Probability is the branch of mathematics that gives a precise way to talk about how likely events are, from flipping a coin to forecasting rain. Understanding the basics helps you make better decisions and see through misleading statistics.
The Basic Formula
For equally likely outcomes, probability is the number of favourable outcomes divided by the total number of possible outcomes, expressed as a number between 0 (impossible) and 1 (certain).
Probability = Favourable outcomes ÷ Total possible outcomes
Complementary probability = 1 − Probability of the event
Common Probability Examples
| Scenario | Calculation | Probability |
|---|---|---|
| Rolling a specific number on a die | 1 ÷ 6 | 16.7% |
| Flipping heads | 1 ÷ 2 | 50% |
| Two heads in a row (independent) | 0.5 × 0.5 | 25% |
| Drawing an ace from a deck | 4 ÷ 52 | 7.7% |
| At least one 6 in three rolls | 1 − (5/6)³ | 42.1% |
Independent vs Dependent Events
Two events are independent if the outcome of one does not affect the other — flipping a coin twice produces independent events. To find the probability of two independent events both occurring, multiply their individual probabilities.
Dependent events are those where one outcome affects the other. Drawing two cards without replacement is dependent — after the first card, the deck has 51 cards remaining, changing the probability of the second draw.
Probability in Everyday Life
- Weather forecasts: A 70% chance of rain means it rained roughly 7 times out of 10 under similar past conditions
- Medical tests: A 95% sensitive test still produces false negatives in 5% of people who have the condition
- Insurance pricing: Premiums are based on the probability of a claim, calculated from millions of policyholders
Common Probability Mistakes
The gambler's fallacy is the false belief that past random events affect future ones — if a coin lands heads ten times in a row, the probability of heads on the eleventh flip is still exactly 50%, because the coin has no memory of previous flips.
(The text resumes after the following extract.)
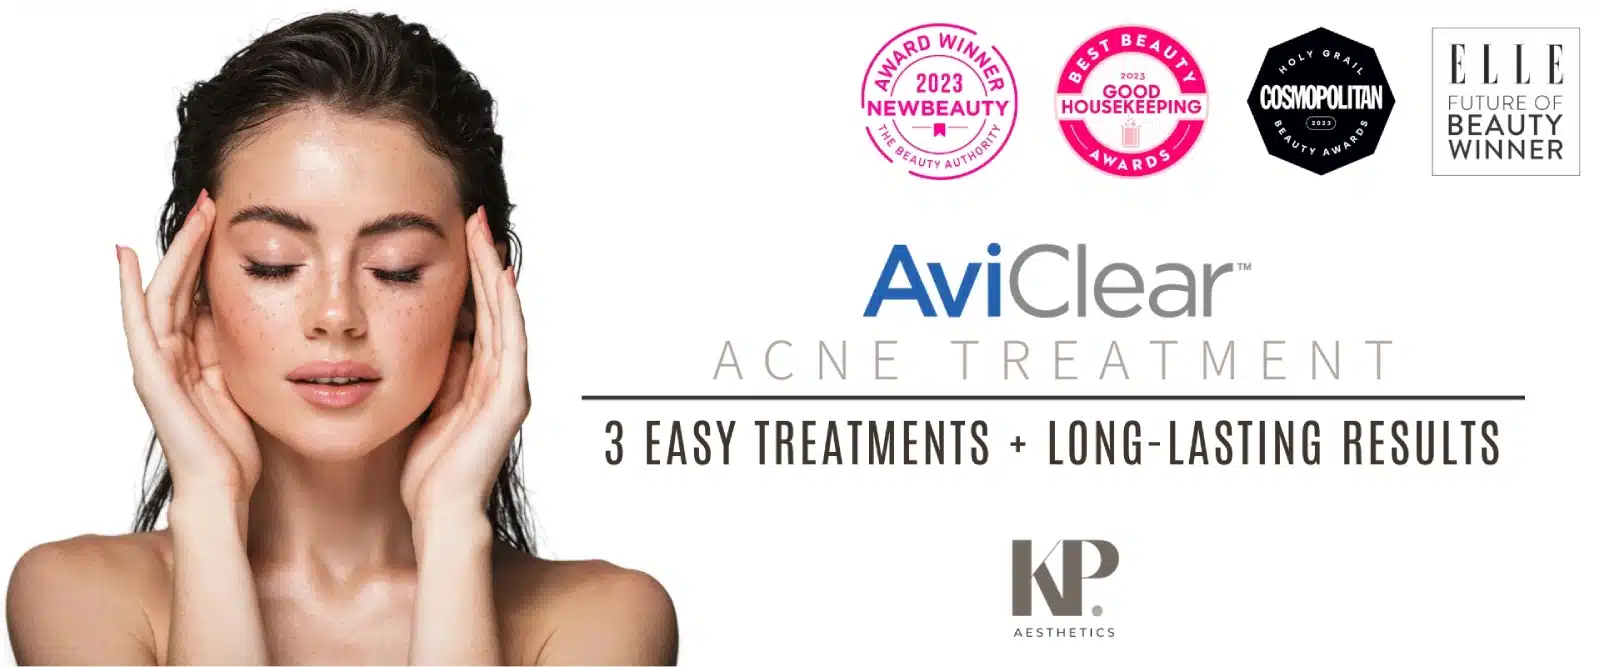 AviClear - Acne Treatment - 3 Easy Treatments + Long-lasting Results - KP Aesthetics
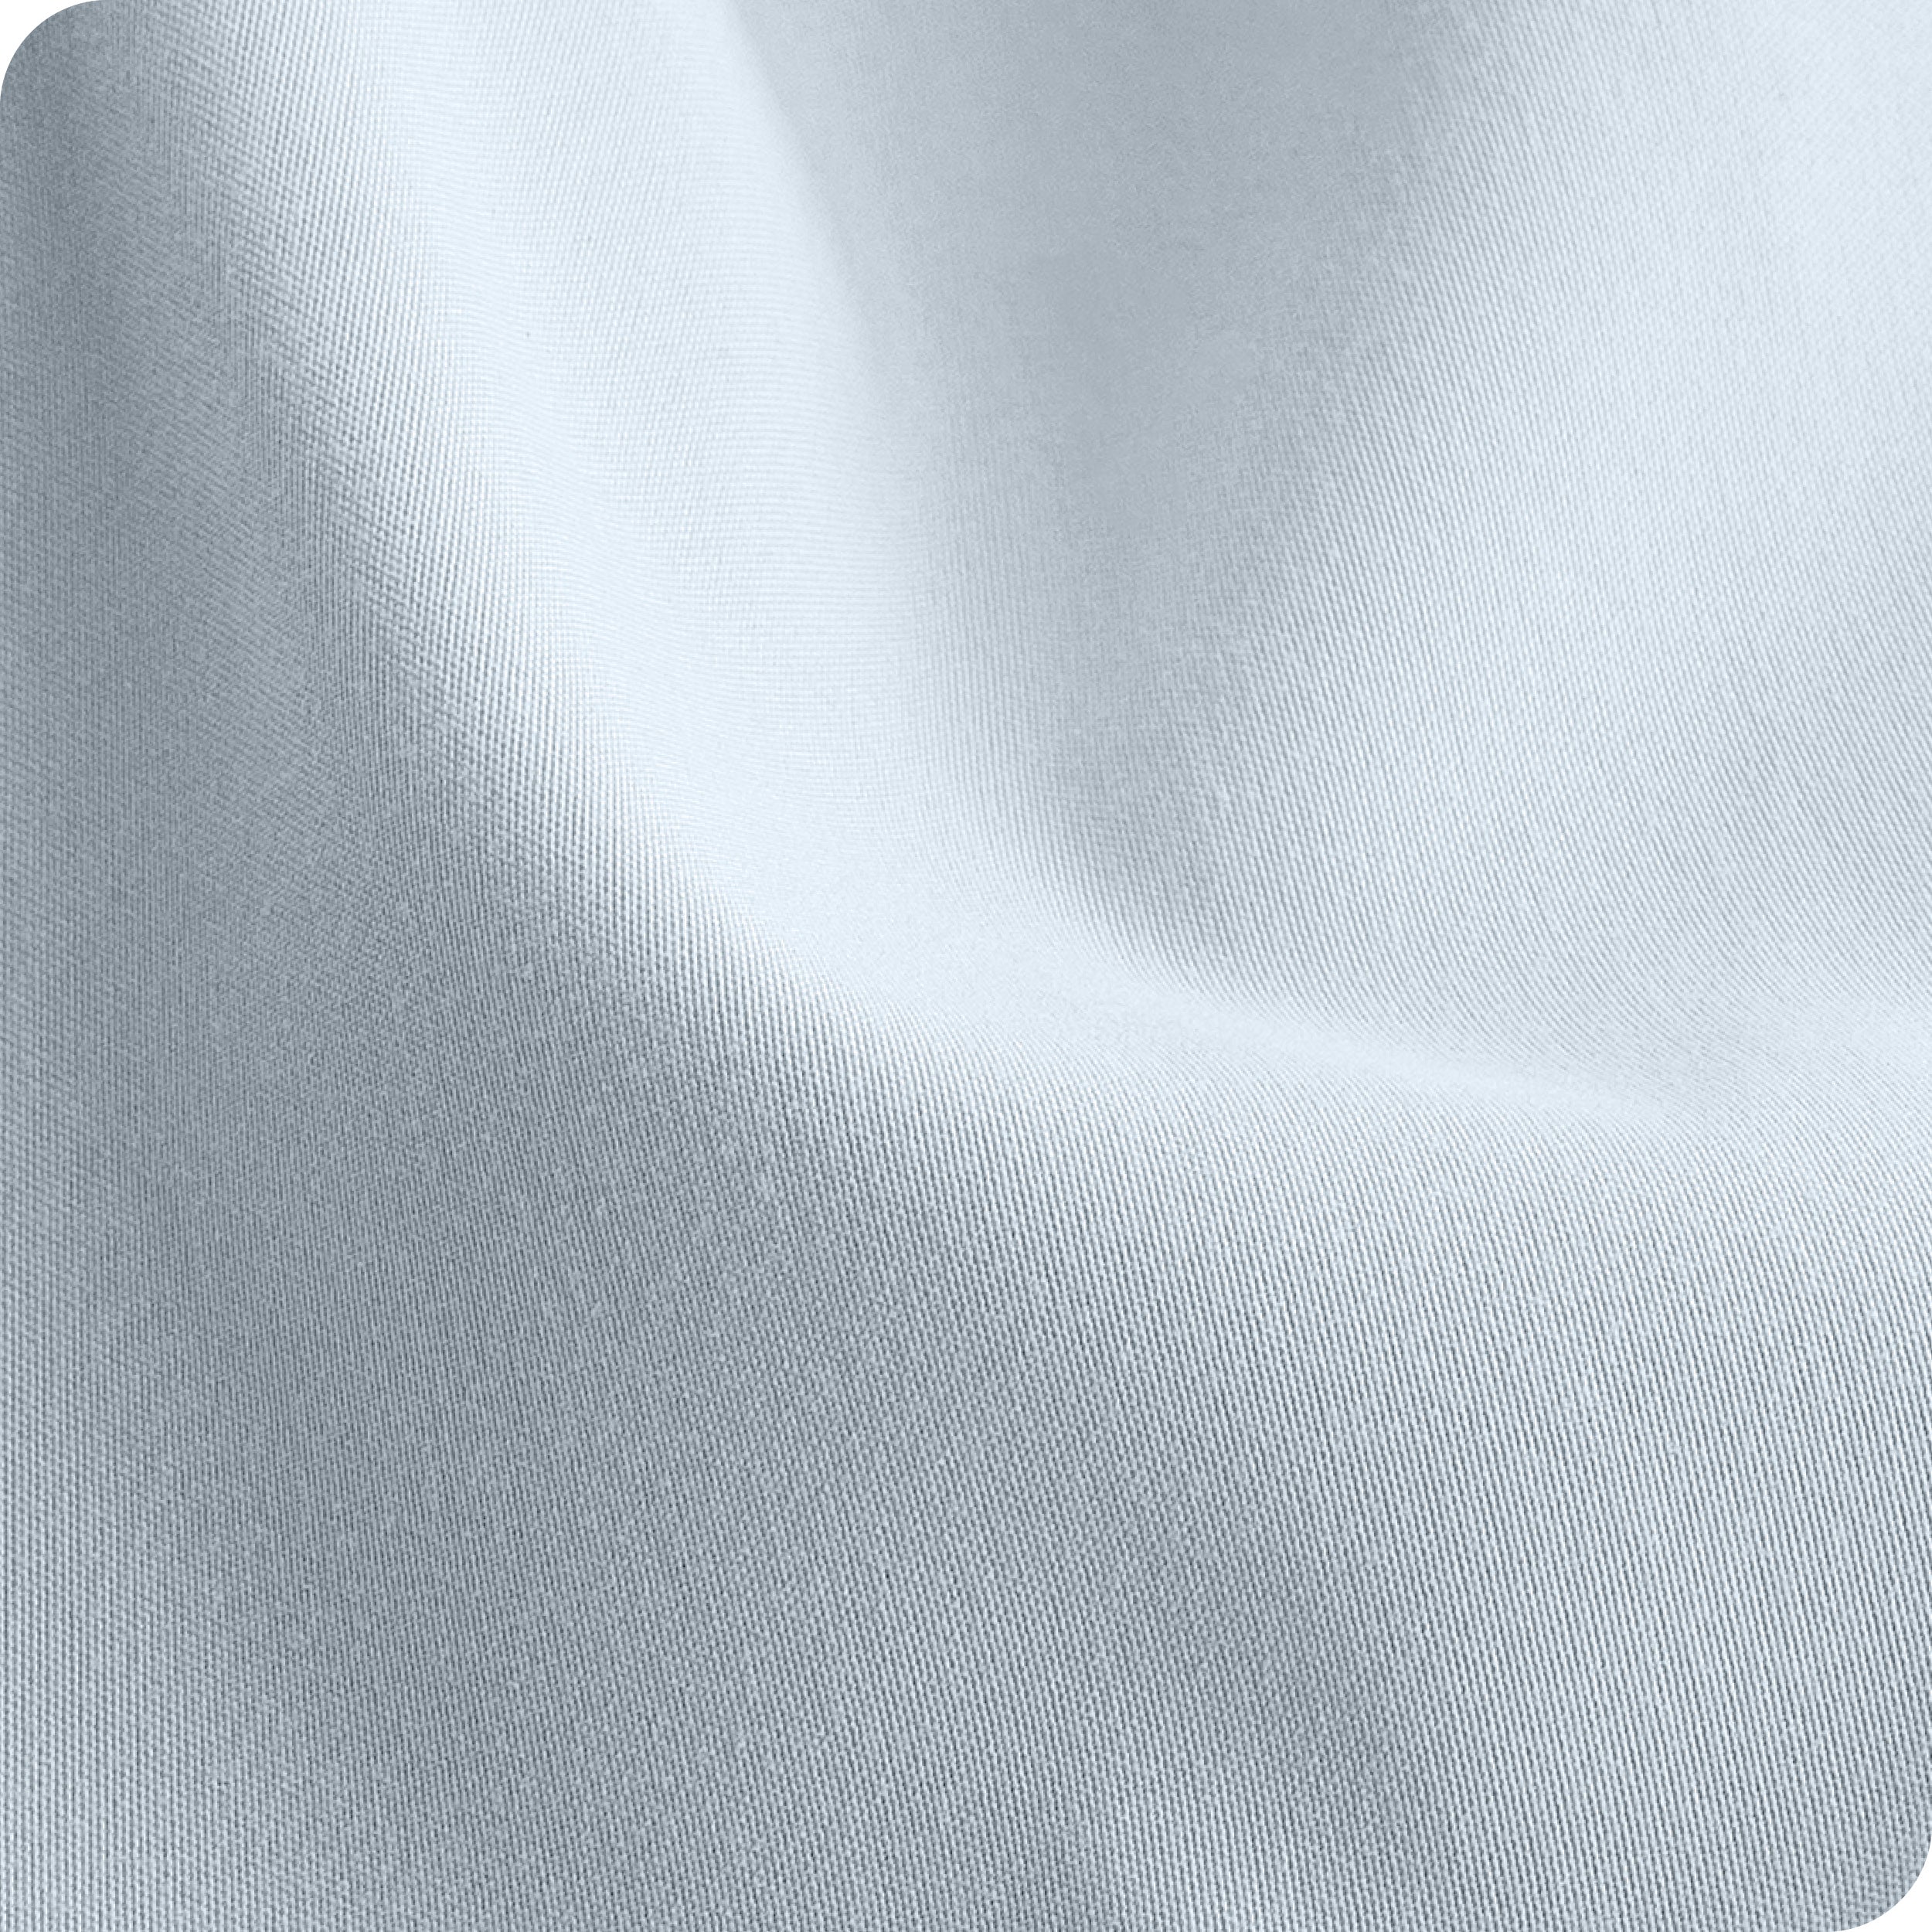 Close up of the fabric of a crib fitted sheet

This fallacy drives a remarkable amount of poor decision-making in gambling, investing, and everyday life, where people assume a "streak" makes a reversal more likely.
Ignoring base rates is another common error, and arguably more consequential. If a rare disease affects 1% of the population and a test for it is 99% accurate, a positive result does not mean you almost certainly have the disease. The maths of conditional probability show that, because the disease is rare to begin with, a meaningful proportion of all positive results will be false positives — even with a highly accurate test. This is why doctors interpret single test results in the context of base rates rather than treating accuracy figures in isolation.
The gambler's fallacy is the false belief that past random events affect future ones — if a coin lands heads ten times in a row, the probability of heads on the eleventh flip is still exactly 50%. Ignoring base rates is another error: if a rare disease affects 1% of people and a test is 99% accurate, a positive result still does not mean you almost certainly have the disease, because the maths of conditional probability produces many false positives when the underlying condition is rare.
Conditional Probability
Conditional probability describes the likelihood of an event occurring given that another event has already happened, and it's where a great deal of everyday probabilistic reasoning goes wrong. The probability of rain given that the sky is currently overcast is different from the unconditional probability of rain on any random day, because the overcast sky provides genuine information that updates the estimate. Formally, conditional probability is written as P(A|B), read as "the probability of A given B."
This concept underlies Bayes' theorem, a formula used extensively in medical diagnosis, spam filtering, and forensic science to update probability estimates as new evidence arrives. A practical example: if 1% of people have a certain condition, and a test correctly identifies 95% of true cases while also incorrectly flagging 5% of healthy people, the conditional probability that someone who tests positive actually has the condition is far lower than 95% — because the much larger pool of healthy people generates many false positives even at a 5% error rate. Working through the actual numbers consistently surprises people who haven't encountered this reasoning before, which is exactly why understanding conditional probability is so valuable for interpreting real-world test results correctly.